» **RECORDED INFORMATION**:
◇ ◇ ◇ ◇ ◇ ◇ ◇

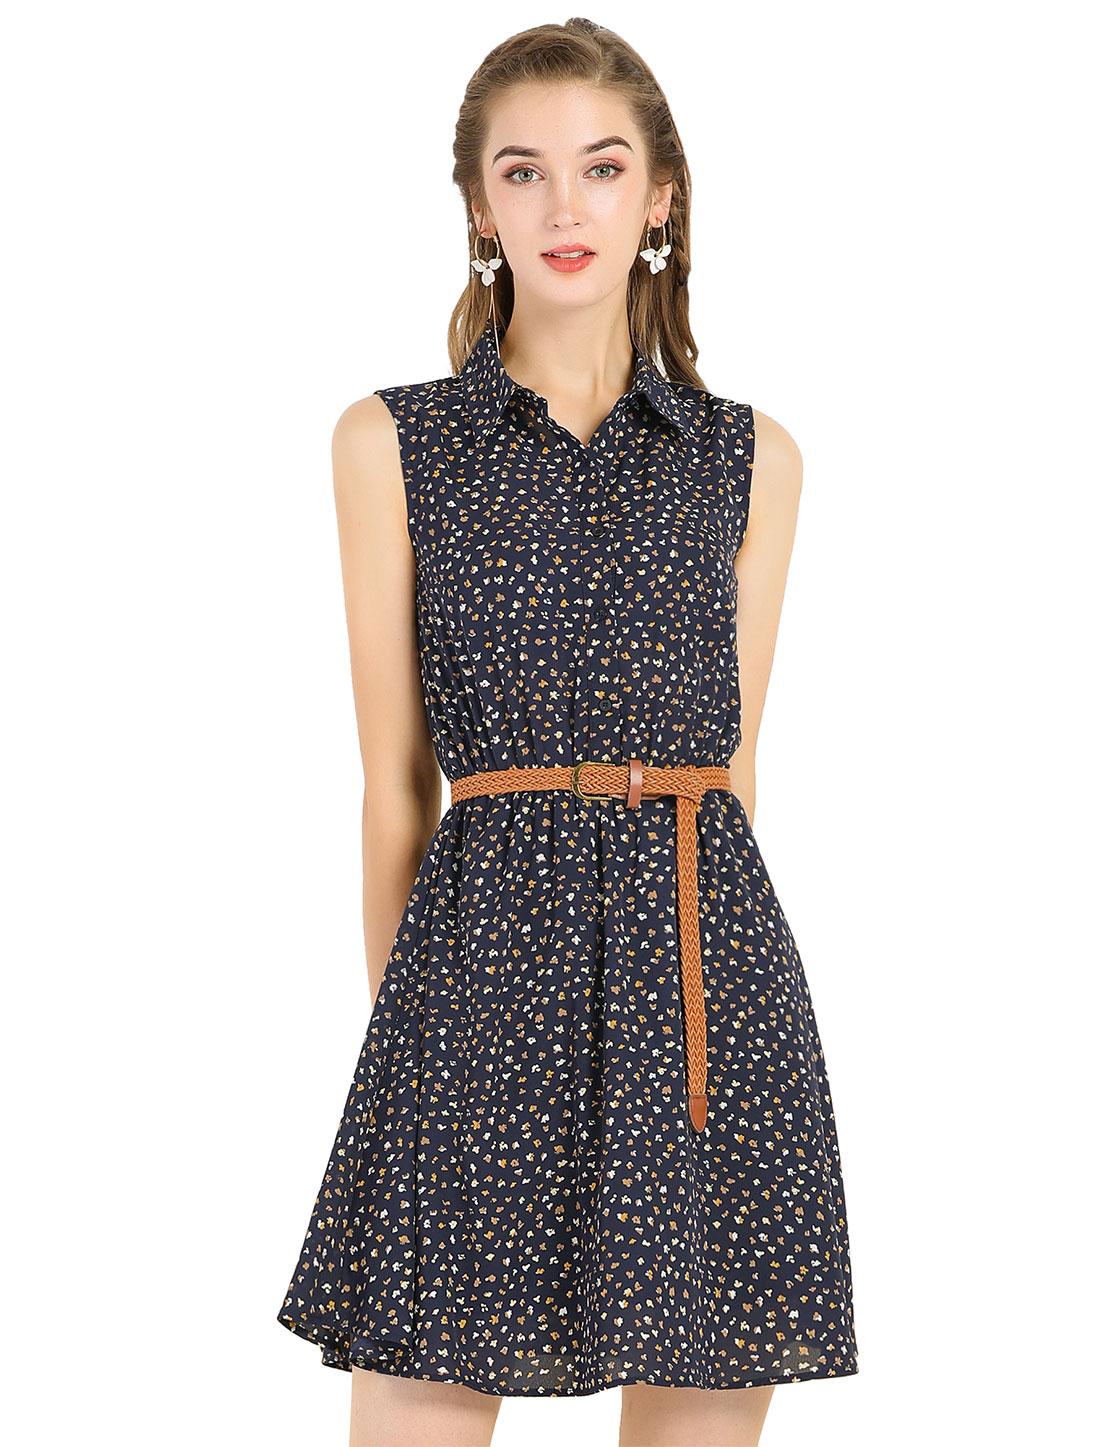 Allegra K Women Printed Sleeveless Belted Dress Dark Blue-Brown Print XS
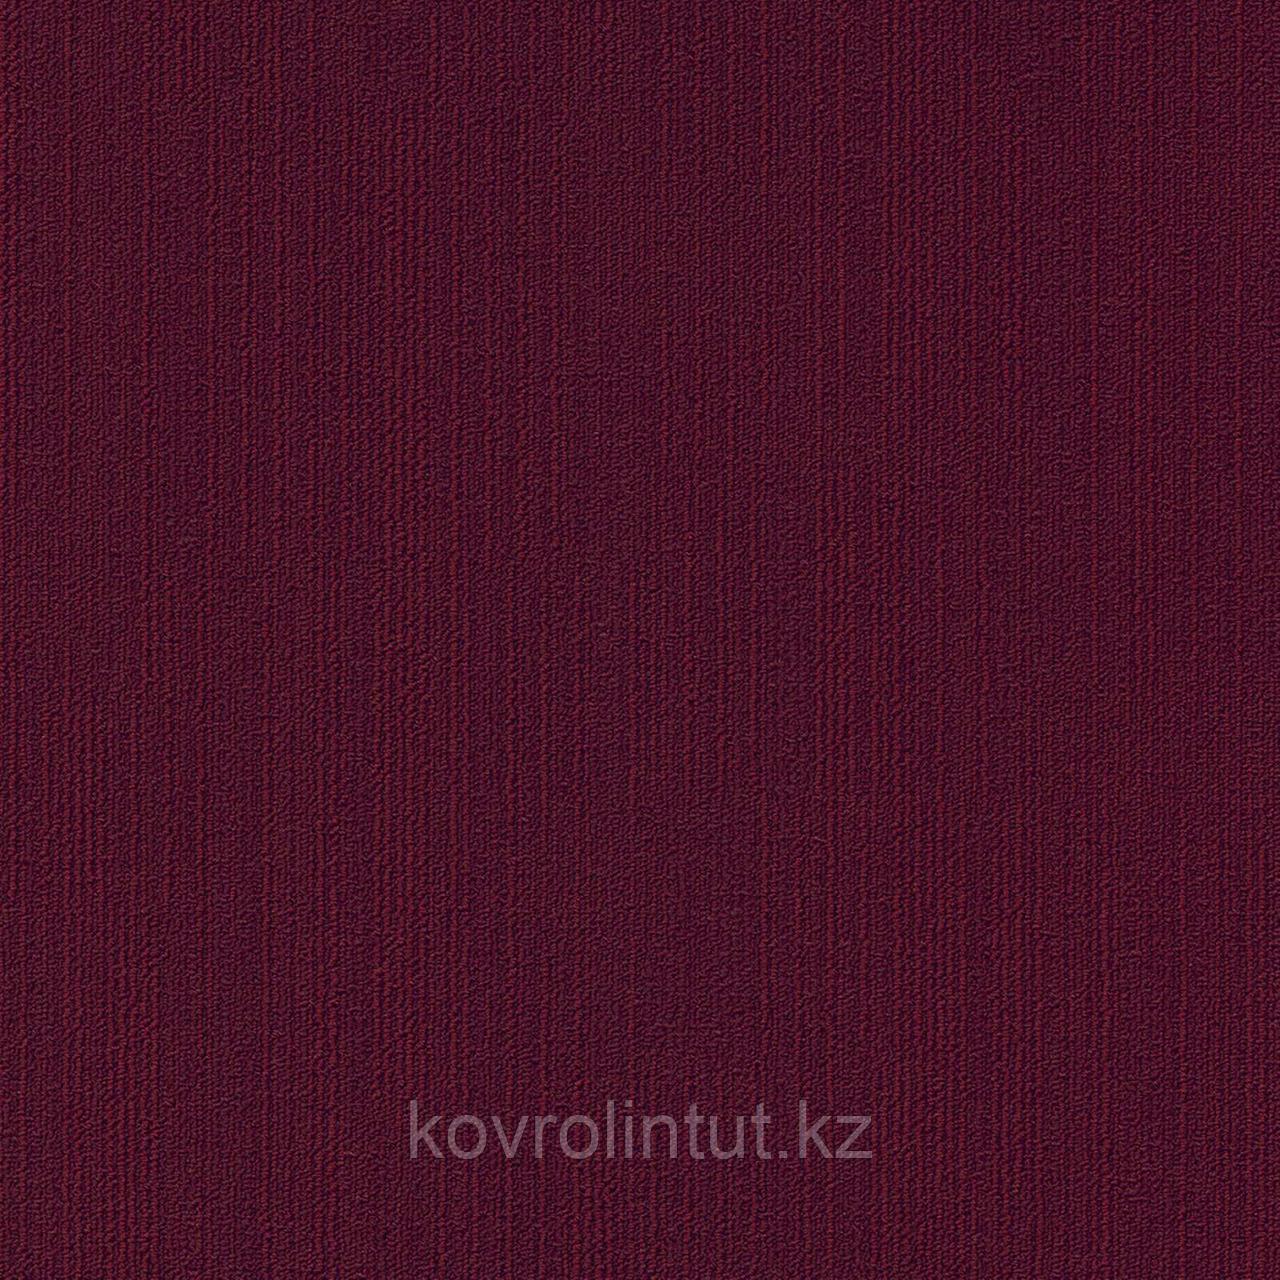 Плитка ковровая Modulyss Fashion& 395, 100% PA
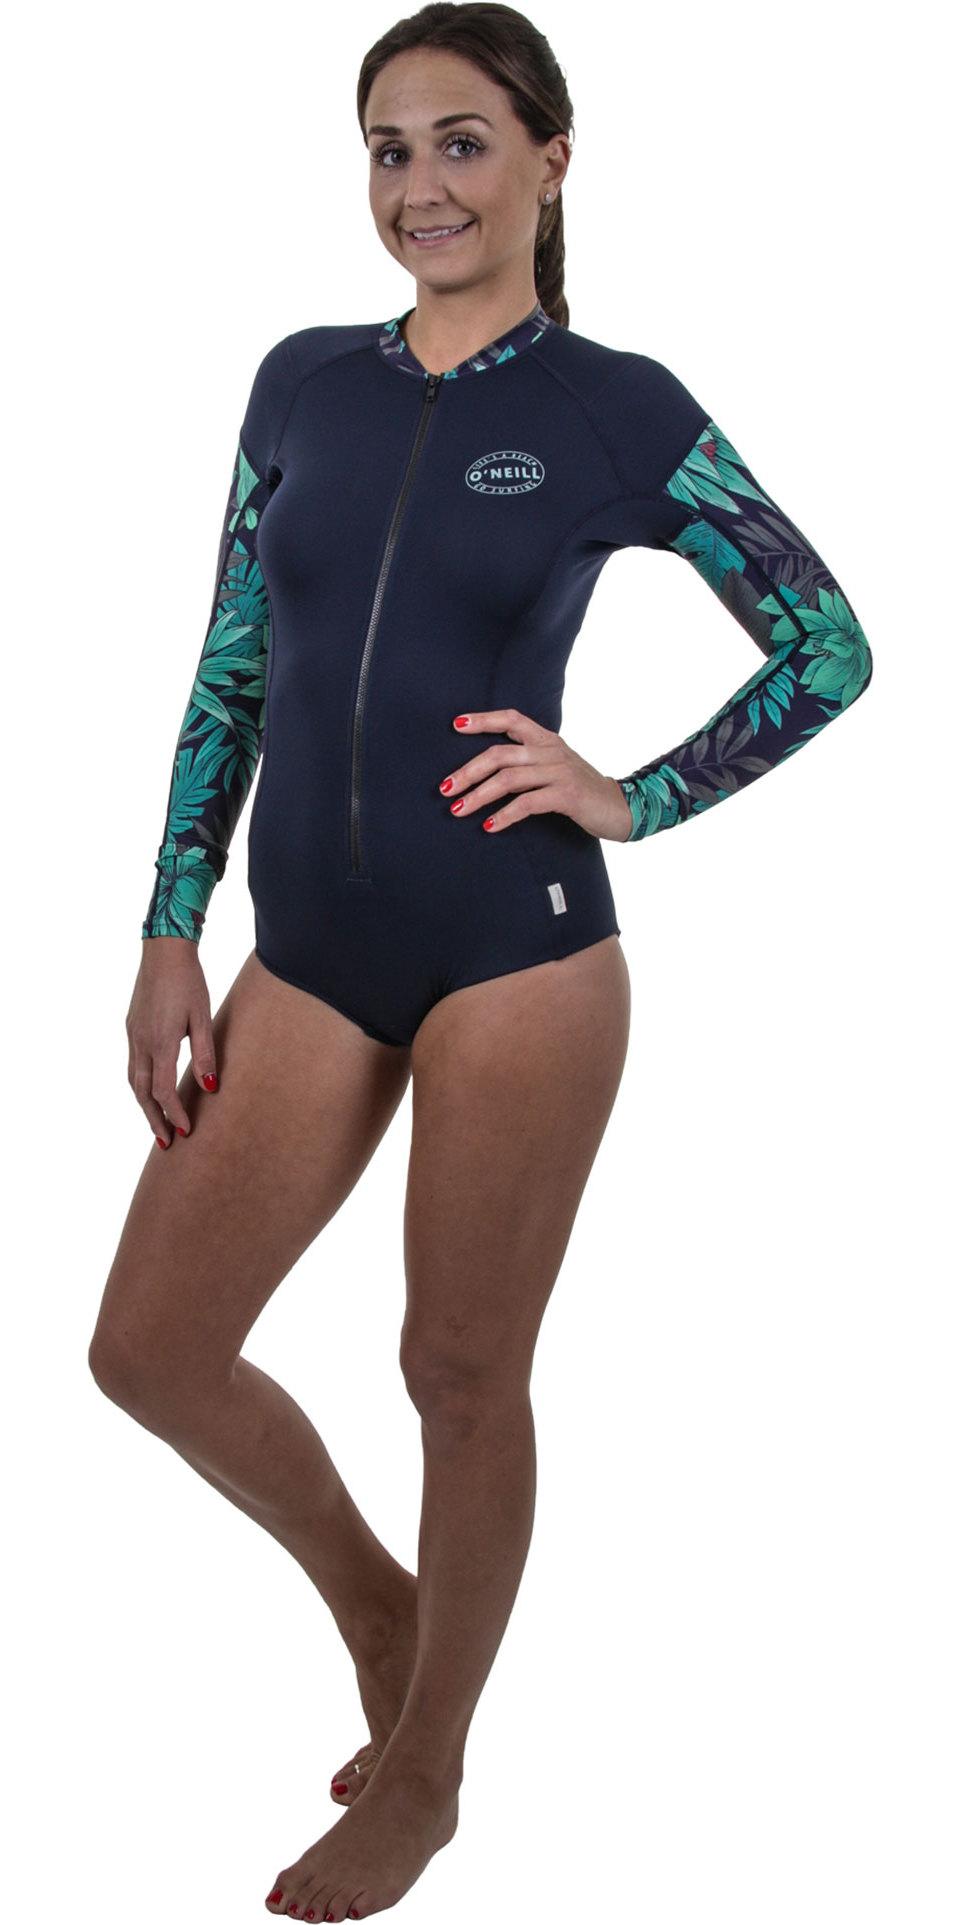 5d41990768760 2019 O Neill - Traje de surf de manga larga para mujer con cremallera  completa ...
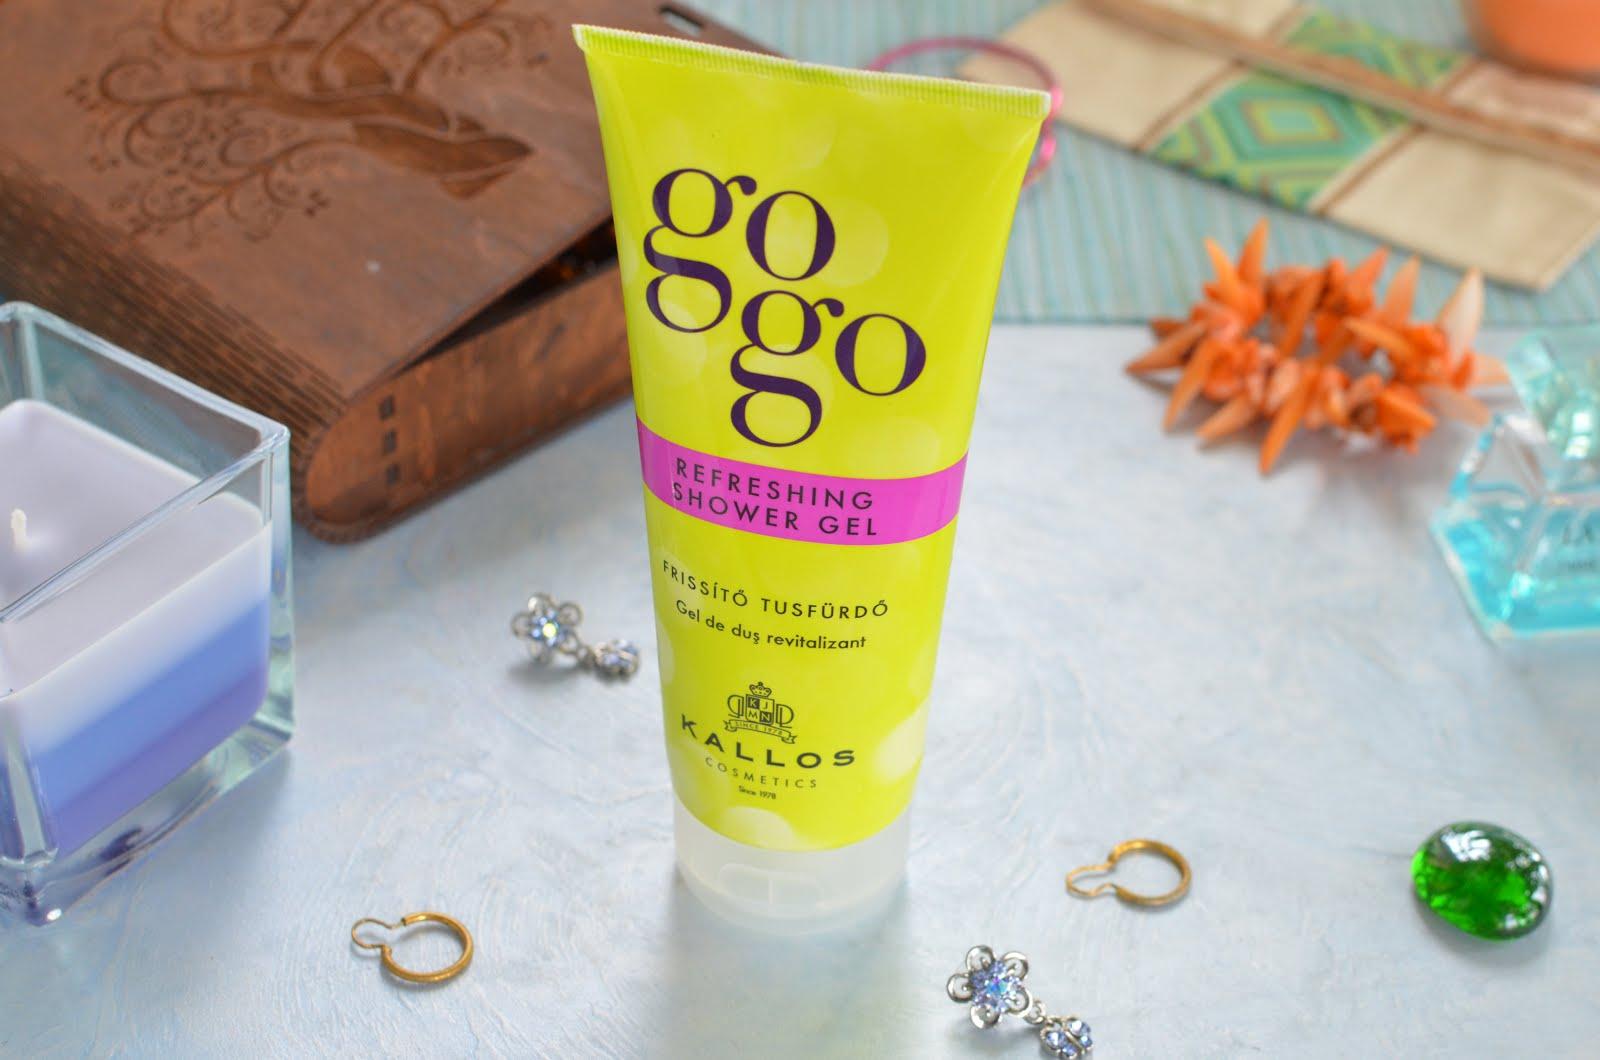 Kallos Cosmetics Gogo Refreshing Shower Gel Освежающий гель для душа

◇ ◇ ◇ ◇ ◇ ◇ ◇

» **WHAT YOU NEED TO DO**:
Return the whole listing, word for word, and leave out every picture.

» **SOLUTION TO THIS PROBLEM**:
 Allegra K Women Printed Sleeveless Belted Dress Dark Blue-Brown Print XS
 Плитка ковровая Modulyss Fashion& 395, 100% PA
 5d41990768760 2019 O Neill - Traje de surf de manga larga para mujer con cremallera  completa ...
 Kallos Cosmetics Gogo Refreshing Shower Gel Освежающий гель для душа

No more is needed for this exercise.